The basic problems to be solved by the binary program fuzzy test method of the multi-population genetic algorithm are as follows: the problem that the test data randomly generated by the mutation-based method cannot achieve high code coverage rate. In view of the existing binary program fuzzy test method with unknown input data format, the commonly used methods can be classified into two types:
1. method of symbol execution
The symbol-based method processes the test data as symbol values. And testing a new execution path by collecting constraint information when the program processes the symbol value and then solving and generating new test data by utilizing the constraint information. Theoretically, the method can reach the code coverage rate of 100%, but for a complex program, the symbolic execution has the defect of path explosion, and the application range of the symbolic execution method is seriously influenced.

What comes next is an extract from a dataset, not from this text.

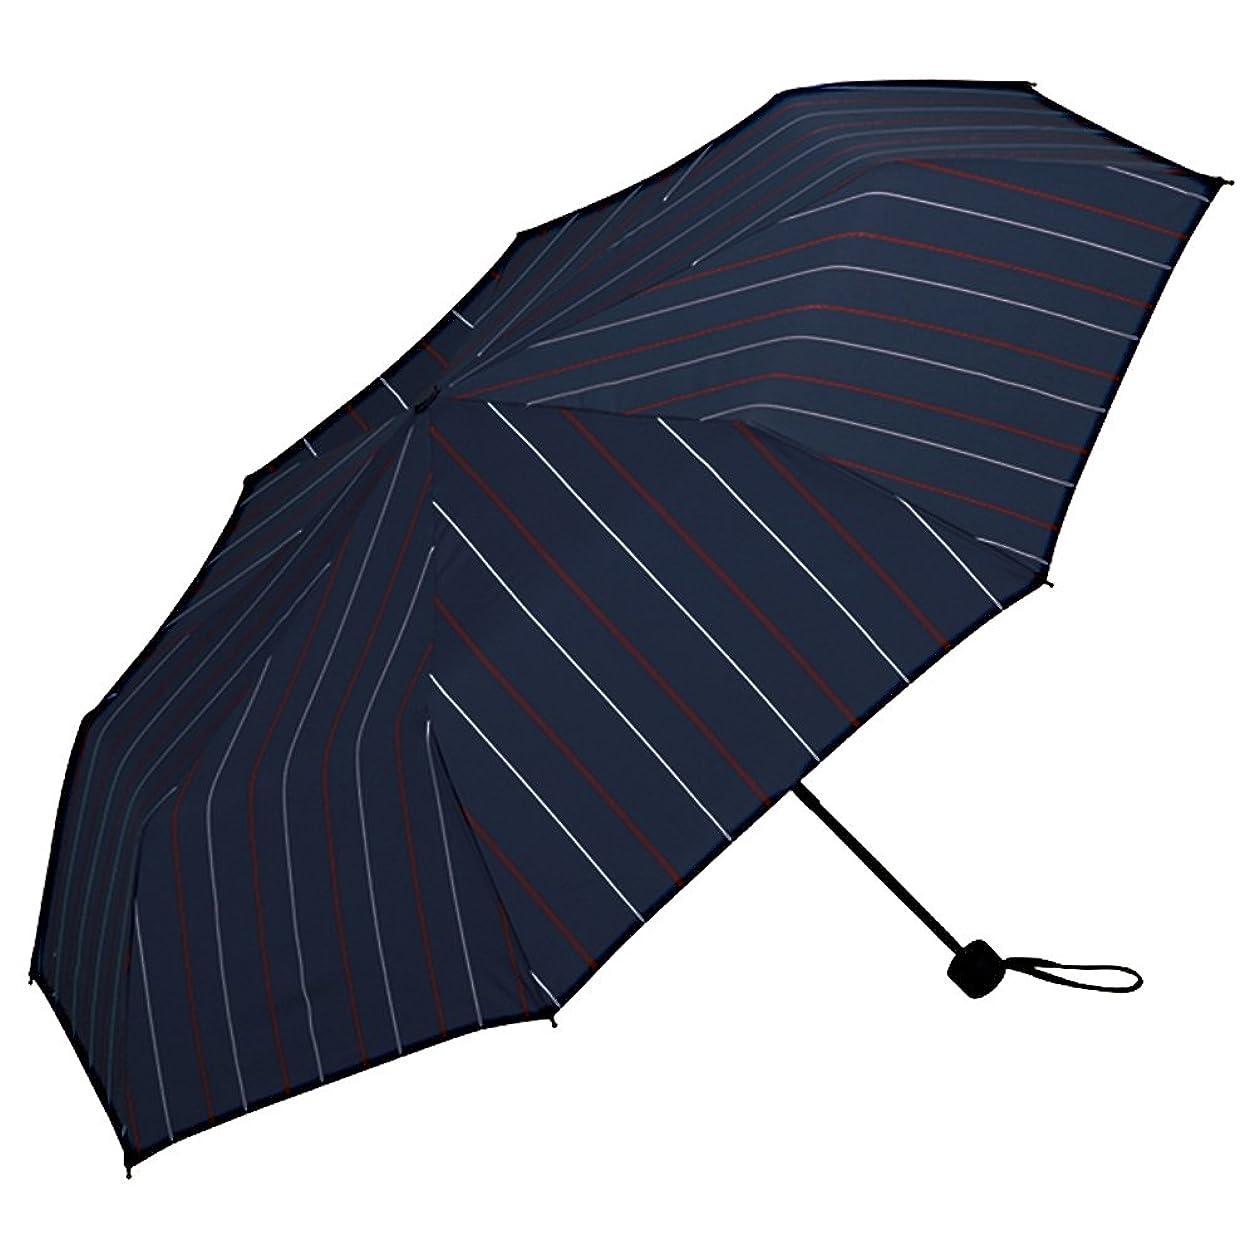 サスペンド暗くする謝罪するワールドパーティー(Wpc.) 雨傘 折りたたみ傘  ネイビー  65cm  レディース メンズ ユニセックス 耐風 MSZ-041

2. Method for evolving algorithms
The method based on the evolutionary algorithm converts the test data into a proper format so as to conveniently guide the generation of the test data, and the genetic algorithm is widely applied. At present, one or more execution paths are required to be predefined manually in the use of a genetic algorithm, so that test data conforming to the preset execution paths are generated, and other paths cannot be tested.
In summary, the conventional binary program fuzz testing method for an unknown input data format has the problems of being not suitable for complex programs, having few execution paths for testing, and the like. Therefore, the invention provides a binary program fuzzy test method based on multi-population genetic algorithm.
Disclosure of Invention
The invention aims to provide a binary program fuzzy test method based on multi-population genetic algorithm, aiming at solving the problems that the binary program fuzzy test method with unknown input data format is not suitable for complex programs and the execution path of the test is few.
The design principle of the invention is as follows:
the method comprises the steps of converting test data into individuals of a main population and a sub-population, generating new test data by using changes of the individuals in the evolution process, simultaneously influencing the evolution of the main population by using the new individuals of the sub-population, namely ensuring sharing and communication of excellent information among the populations by setting a migration operator, accelerating convergence speed while ensuring the diversity of the population individuals, namely accelerating the coverage rate of a program execution path, and showing the overall flow in figure 1.
The technical scheme of the invention is realized by the following steps:
Step 1.1, test data are converted into individuals in the population.
And 1.2, randomly initializing the main population and the sub-population.
And 2, positioning the basic block.
And 2.1, executing the program after Qemu instrumentation, and acquiring basic block information in the program execution process.
And 2.2, inserting codes before the basic block, and outputting the program execution path information to an external file.
And 3, monitoring whether the tested program is broken down or not and recording a program execution path.
And 3.1, recording a basic block sequence after the program is executed, wherein the basic block sequence can be converted into an edge sequence, and an edge is a jump between two continuous basic blocks.
And 3.2, merging the same edges in the edge sequence to obtain an edge set as program execution path information.
Step 3.3 all individuals X were treated according to step 3.1 and step 3.2iObtaining the execution path information of the program corresponding to all the test data, i.e. the edge set Ei。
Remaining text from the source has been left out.